De aan het woord zijnde leden van de CDA-fractie motiveerden hun verzoek met de volgende opgeworpen vraagpunten.

1. Zoals ook aangehaald in de memorie van toelichting, heeft de Monitoring Commissie Corporate Governance in haar rapport van 3 december 1998 opgemerkt, dat de onderzochte ondernemingen in het algemeen weinig moeite hadden met aanbeveling 19, te weten de afzonderlijke agendering van décharge van het bestuur en Raad van Commissarissen. De leden van de CDA-fractie vroegen zich af of daaruit niet blijkt, dat het hier gaat om een ingreep die geen of weinig praktische betekenis heeft. Hoe denkt de minister hierover?

Hierbij sloot de meer algemene vraag van de leden van de VVD-fractie naar de systematiek in het beleid aan. Zij vroegen:

Waarom wordt van de 40 aanbevelingen die de commissie Corporate Governance heeft gedaan nu aanbeveling no. 19 (en in de toekomst nog vier (willekeurige?) andere aanbevelingen) omgezet in wetgeving?

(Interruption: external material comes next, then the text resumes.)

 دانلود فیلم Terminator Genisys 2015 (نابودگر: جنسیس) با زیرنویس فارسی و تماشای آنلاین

Wat gebeurt er met de overige aanbevelingen?

Daarop hervatten de leden van de CDA-fractie de opsomming van hun vraagpunten.

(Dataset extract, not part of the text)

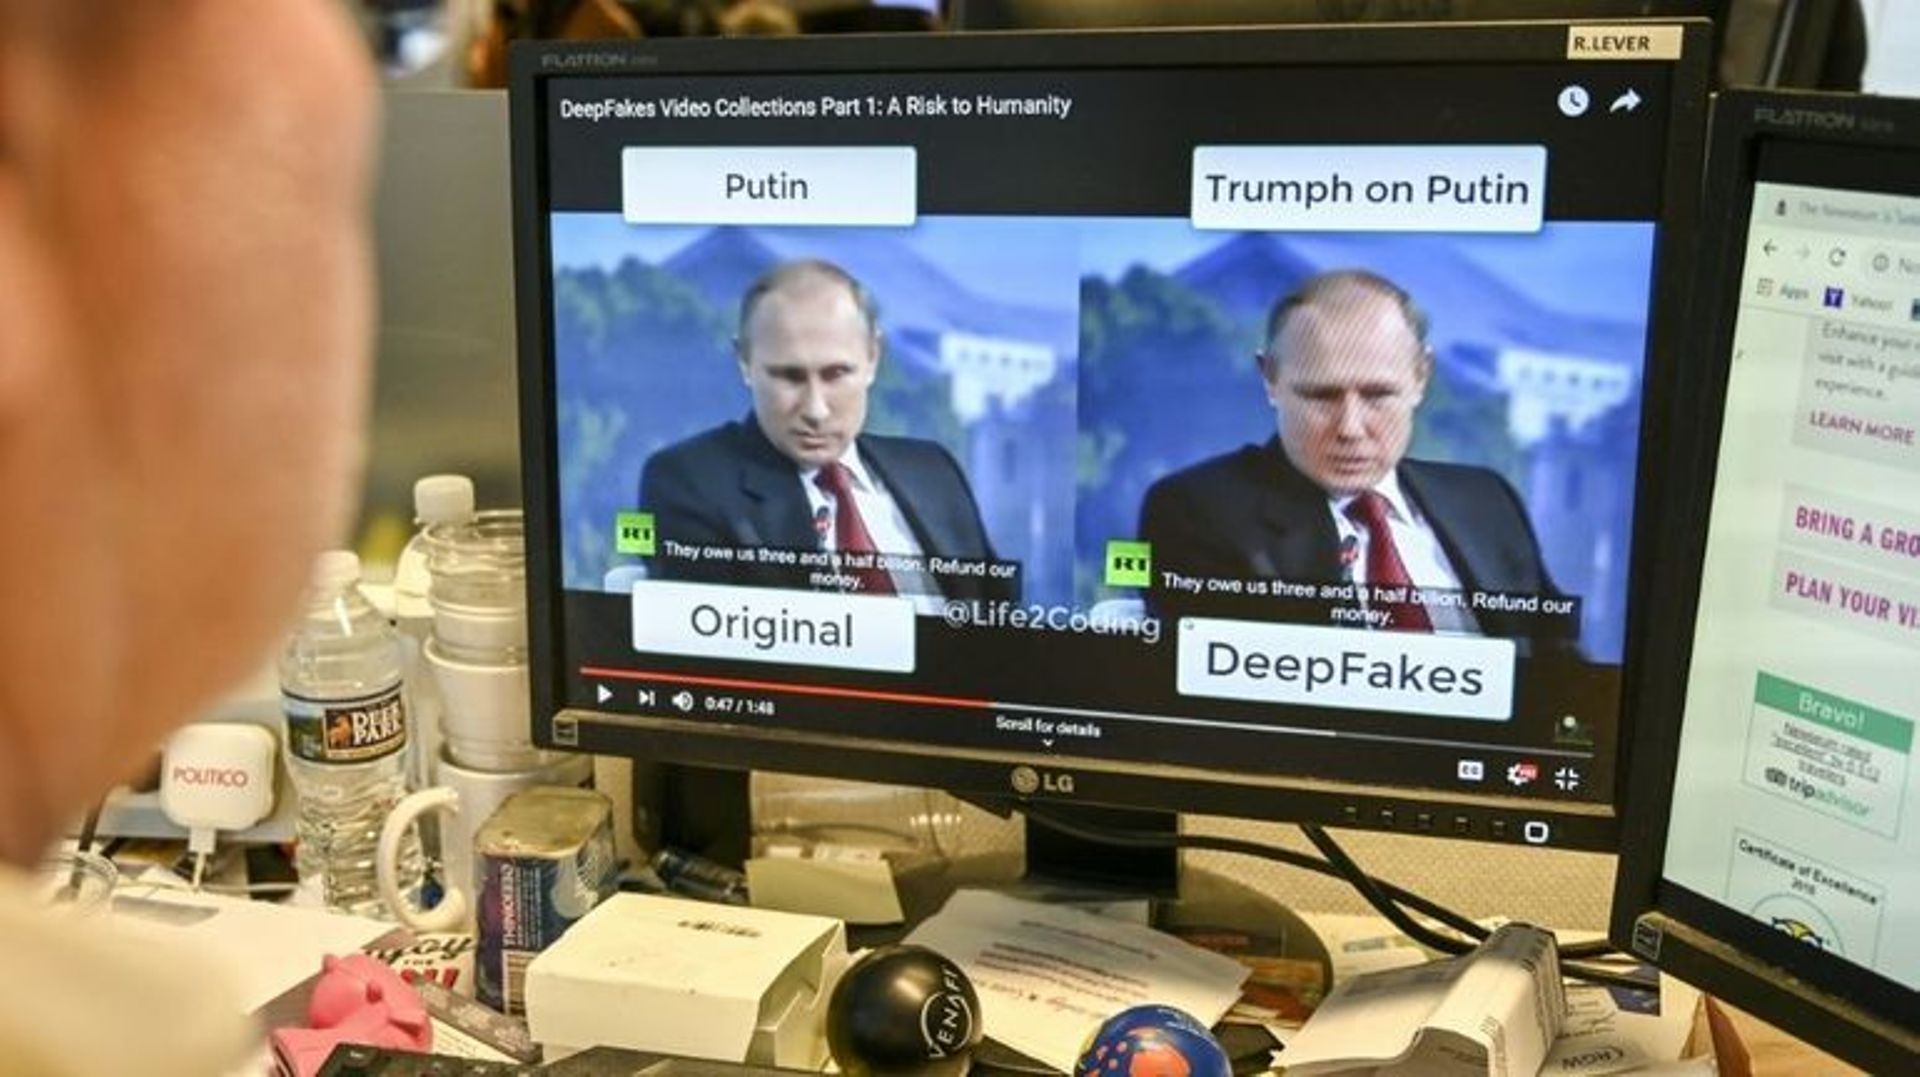 Les deepfakes, une arme de désinformation massive?

2. In aansluiting hierop wezen deze leden op de literatuur omtrent de betekenis van het décharge (zie onder andere Mr. J.R. Glas, Prof. Mr. Drs H. Beckman RA, Mr. J.A.M. Bos: Bestuur en toezicht, Kluwer, Serie recht en praktijk nr 71; Asser Maeijer: Vertegenwoordiging en rechtspersoon, in Mr. C. Assers Handleiding tot de beoefening van het Nederlands burgerlijk recht, Tjeenk Willink, Deventer 2000; Van der Heijden-van den Grinten: Handboek voor de naamloze en de besloten vennootschap, 12e druk, Tjeenk Willink, Zwolle 1992). Het beeld dat uit de literatuur en de jurisprudentie oprijst is, dat décharge weinig of geen betekenis heeft wanneer het gaat om de bestuurlijke verantwoordingsplicht van bestuur en commissarissen en slechts een beperkt effect heeft als het gaat om uitsluiting of beperking van aansprakelijkheid jegens de vennootschap voor schade die door handelen of nalaten aan de vennootschap is toegebracht. Deelt de minister de indruk van de leden hier aan het woord, dat in het licht van die literatuur en jurisprudentie het wetsvoorstel in belangrijke mate een symbolisch gehalte heeft? Indien dat niet het geval is, kan de minister dan uitleggen waaruit de materiële betekenis van het wetsvoorstel bestaat en indien hij het wel met de leden hier aan het woord eens is, kan hij dan de maatschappelijke relevante van deze symbolische wijziging uiteenzetten?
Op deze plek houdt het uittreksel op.